Nouveau retournement de situation au Sénégal. Les sages du Conseil constitutionnel ont annulé jeudi 15 février au soir le report de l’élection présidentielle, annoncée par le président Macky Sall le 3 février.

C’est une journée historique. Pour une fois, le Conseil constitutionnel a osé dire non à un caprice du président de la République», se félicite Abdou Khafor Kandji, membre du mouvement citoyen Y’en A Marre. Son organisation fait partie du collectif Aar Sunu Élection (Protégeons notre élection), établi pour exiger le rétablissement du calendrier électoral.

Un coup dur pour Macky Sall
S’il annule bien le report de l’élection, le Conseil constitutionnel reconnaît toutefois l’impossibilité de maintenir l’élection le 25 février et demande aux autorités d’établir une nouvelle date «dans les plus brefs délais». Les juges ont également réitéré que la durée du mandat du président de la République «ne peut faire l’objet de révision».

L’opposition salue la décision mais rappelle que Macky Sall devra quitter ses fonctions au plus tard le 2 avril, date de fin de son mandat. «Après satisfaction nous exigeons que le président organise cette élection le plus vite possible et que la campagne continue», dit Fadel Touré, secrétaire administratif des Patriotes du Sénégal pour l’éthique et la fraternité (Pastef), parti de l’opposant Ousmane Sonko, dissout l’an dernier.

La décision du Conseil constitutionnel est un coup dur pour Macky Sall, qui avait justifié le report de l’élection par le «différend entre l’Assemblée nationale et le Conseil constitutionnel». Le Parti démocratique sénégalais (PDS) de l’ancien président Abdoulaye Wade avait demandé l’ouverture d’une enquête parlementaire contre le Conseil constitutionnel et accusé le premier ministre et candidat de la majorité, Amadou Ba, de corruption.
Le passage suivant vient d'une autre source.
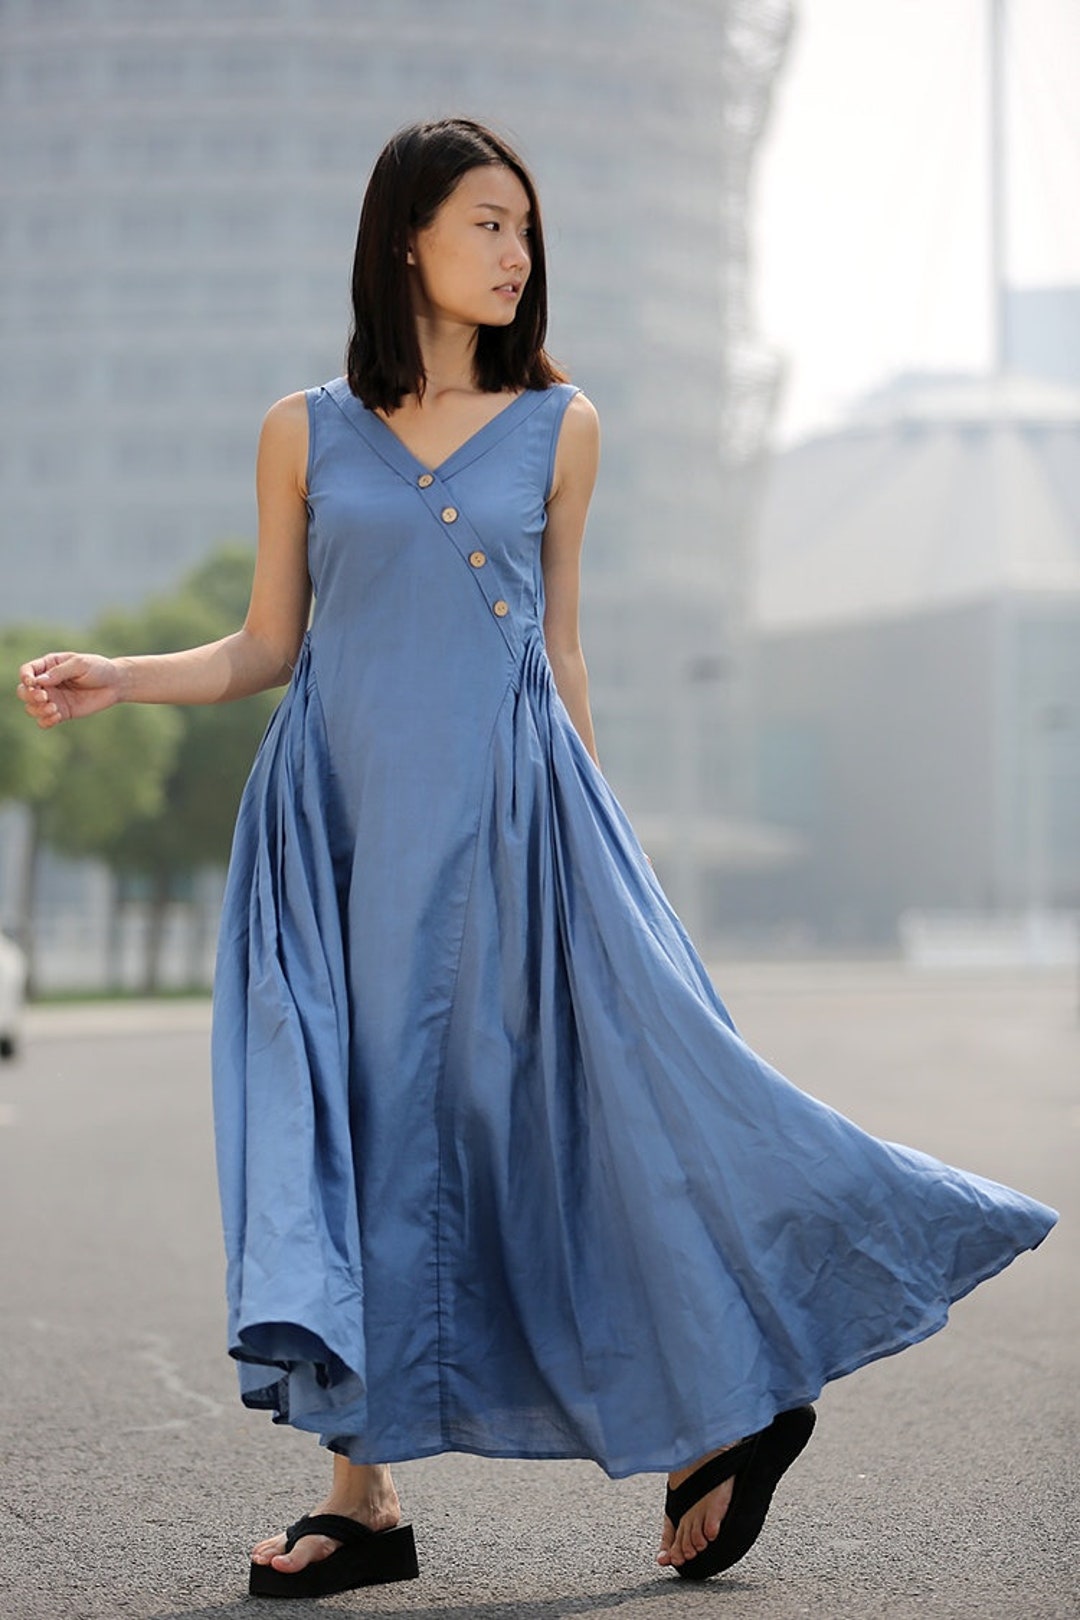 Blue Linen Dress Maxi Casual Summer Dress Long Length - Etsy

Certains observateurs estiment que la perspective d’un possible défaite d’Amadou Ba lors du scrutin aurait encouragé Macky Sall à reporter le vote.
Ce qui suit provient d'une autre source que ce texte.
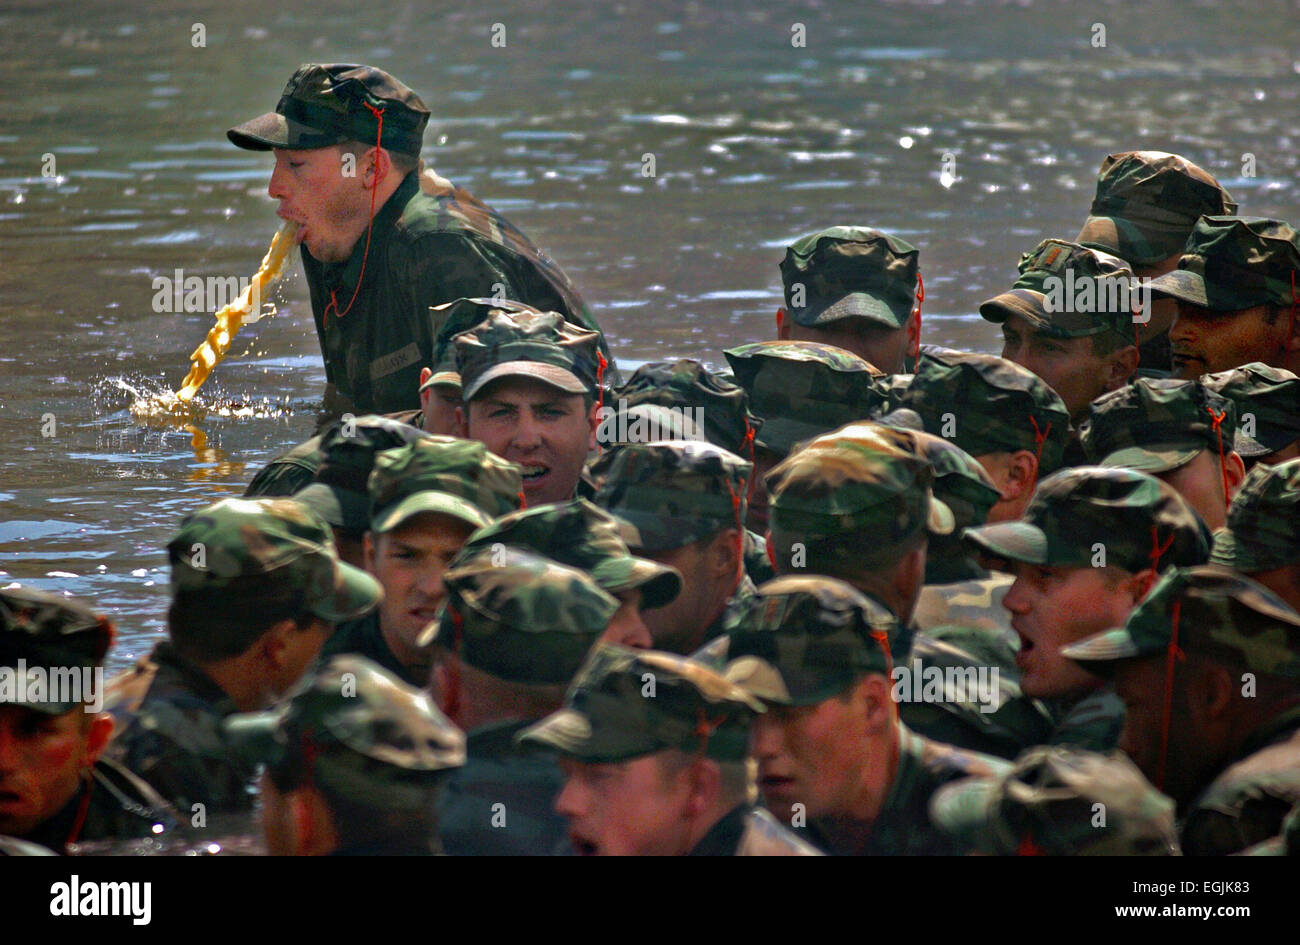 Un US Navy SEAL reclutare vomita durante l'Inferno settimana maggio 19, 2004 a Coronado, CA. La guarnizione di formazione dura sei mesi e inferno è la settimana di cinque giorni e mezzo di formazione continua con molto poco sonno progettato per spingere le reclute per i limiti. Foto Stock

Il est clair qu’après cette crise, l’exception sénégalaise va se renforcer. »

Mamadou Diouf, historien et enseignant à l’université Columbia de New York
«C’est le second grand échec du Président Macky Sall. Il n’a pas réussi à imposer son désir de briguer un 3e mandat, et il n’a pas réussi à faire un coup d’État constitutionnel», estime Mamadou Diouf, historien et enseignant à l’université Columbia de New York.
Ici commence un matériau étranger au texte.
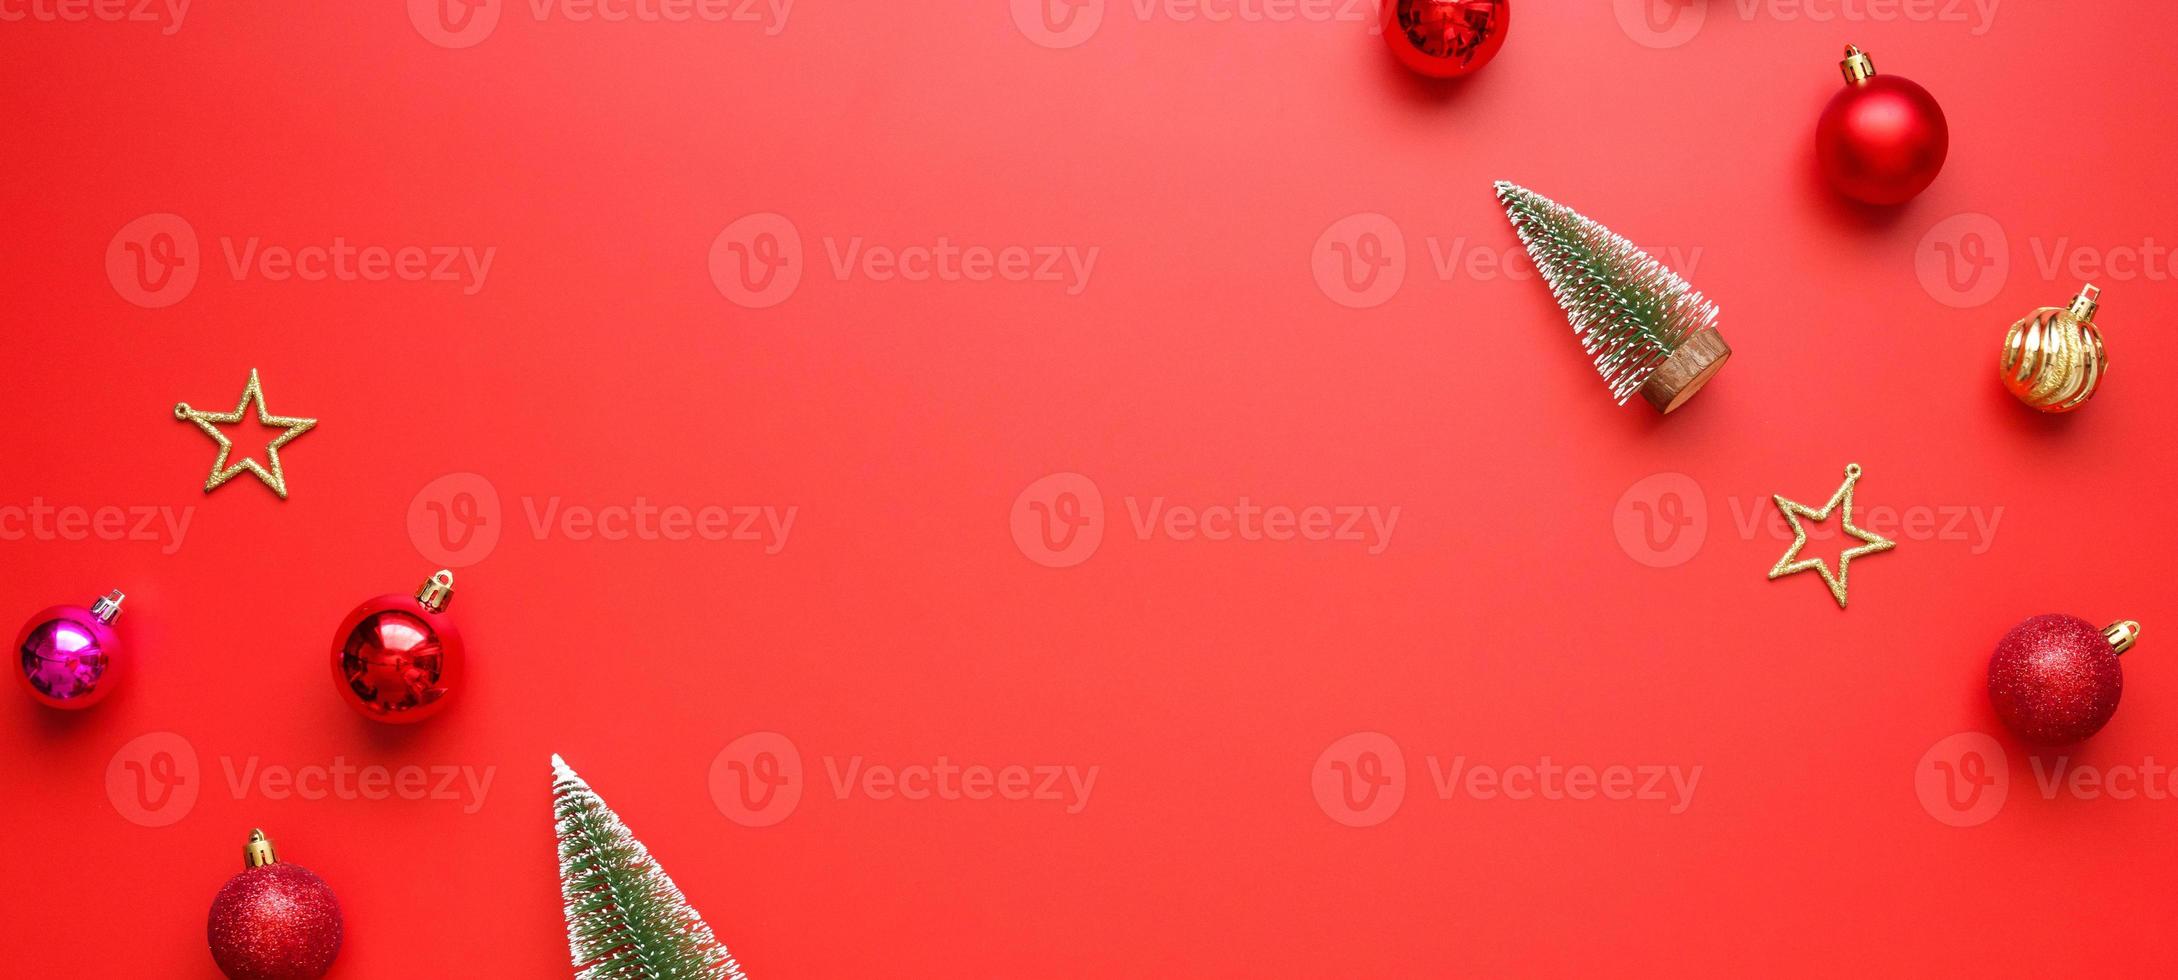 navidad año nuevo vacaciones fondo pino bola chuchería sobre fondo rojo foto

Plusieurs recours en justice avaient été introduits auprès de la Cour Suprême et du Conseil constitutionnel début février pour contester le report de l’élection. La décision rendue jeudi pourrait conforter la réputation du Sénégal en tant que démocratie stable dans une Afrique de l’Ouest minée par les coups d’État et l’insécurité. Elle redore aussi l’image des institutions juridiques, souvent accusées de servir le pouvoir en place. «Il est clair qu’après cette crise, l’exception sénégalaise va se renforcer», assure Mamadou Diouf, qui dit être «optimiste» pour l’avenir de son pays.

Plusieurs détenus politiques libérés
Quelques heures avant la décision du Conseil constitutionnel, plusieurs détenus politiques ont été libérés sur ordre du président Macky Sall dans une tentative d’«apaisement» annoncée. Parmi eux, Aliou Sané, le coordonnateur du mouvement citoyen Y’en a Marre ou encore Toussaint Manga, un haut responsable du Pastef. «Nous sommes vraiment satisfaits de revoir nos frères et sœurs qui ont été séquestrés par le régime en place», témoigne Fadel Touré.

Des manifestations avaient éclaté la semaine dernière contre la décision du report.